In a press release, the EU explained its motivations behind the sanctions. “They are meant to persuade Iran to engage constructively by negotiating seriously and addressing the concerns of the international community,” said the statement.
While Iran has claimed it has no intention to use nuclear power for military purposes, both Europe and the United States have refused to lift sanctions.
However, Iranian foreign ministry spokesman Ramin Mehmanparast said the new sanctions will not force Iran to stop enriching uranium to make nuclear fuel.
“These pressures are illogical, inhuman and without any principles and therefore futile and just strengthening the nation’s solidarity,” Mehmanparast told reporters in Tehran on Tuesday.

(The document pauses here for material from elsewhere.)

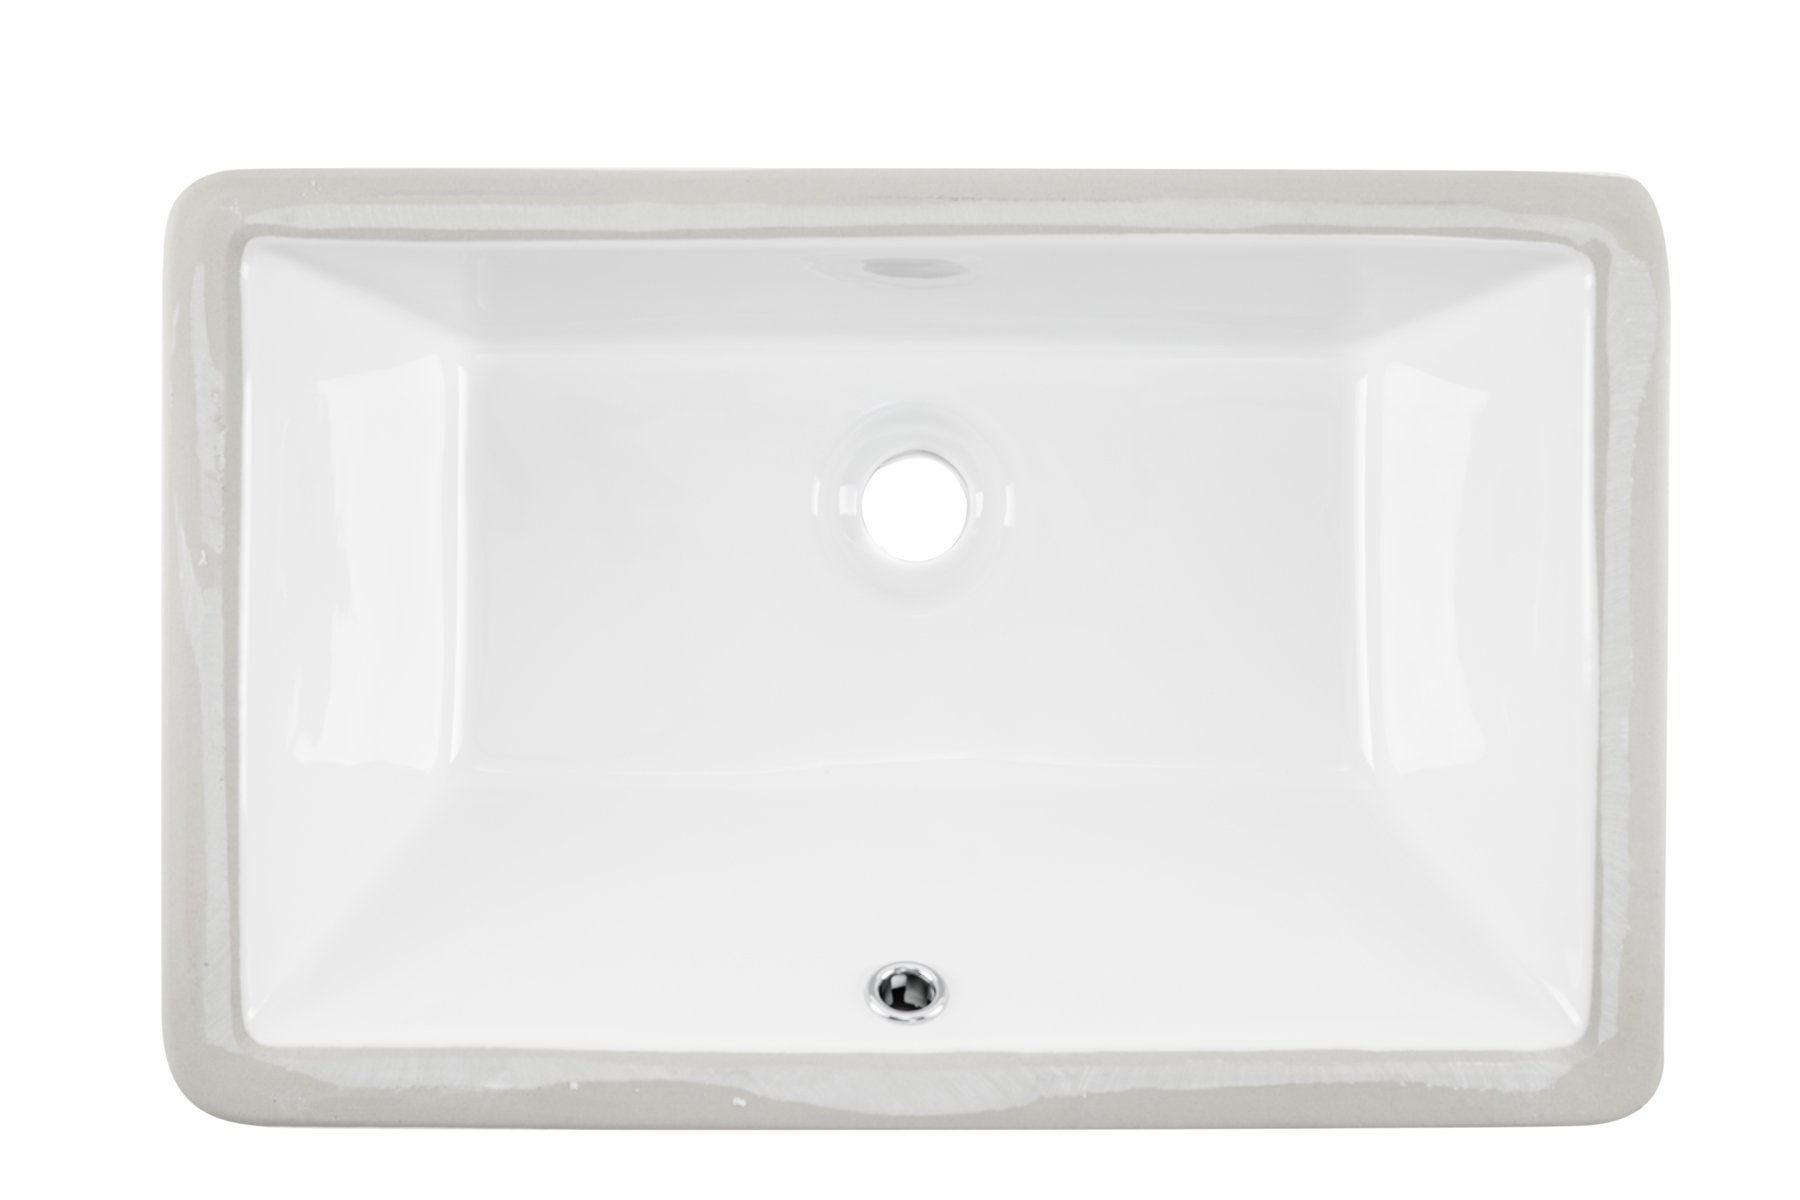 1181CBW 18''x11'' White Rectangular Porcelain Undermount Bathroom Sink
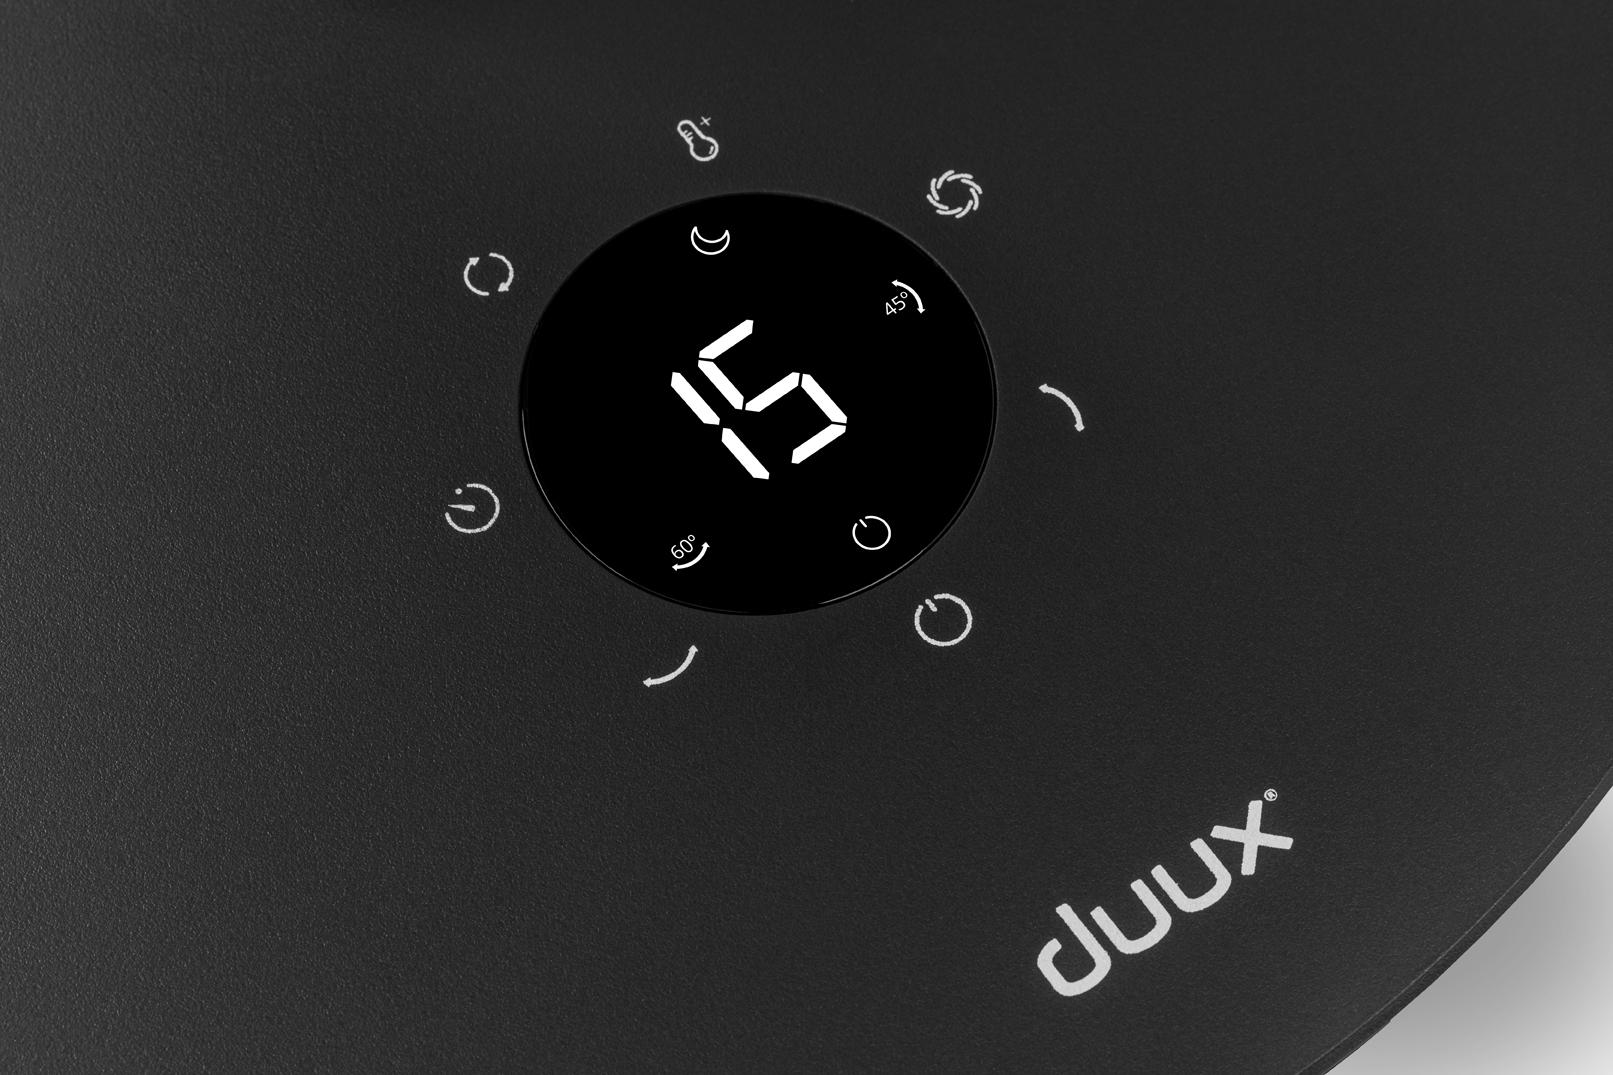 duux(デュクス)Whisper Flex Touch(ウィスパー フレックス タッチ)27センチ リビング扇 グレー

The United States imposed restrictions on NIOC last month. A statement made in September by the House Committee on Foreign Affairs said that the NIOC was attempting to evade Western sanctions to sell oil. The company, Chairman Ileana Ros-Lehtinen writes, “reflags and renames its vessels to hide their true ownership and engages in the same deceptive practices for which the Islamic Republic of Iran Shipping Line was sanctioned in 2010.”
Professor of economics at Boston University in London, Parvin Alizadeh told Al Jazeera, “These are the most far reaching sanctions since sanctions on the import of oil in July.”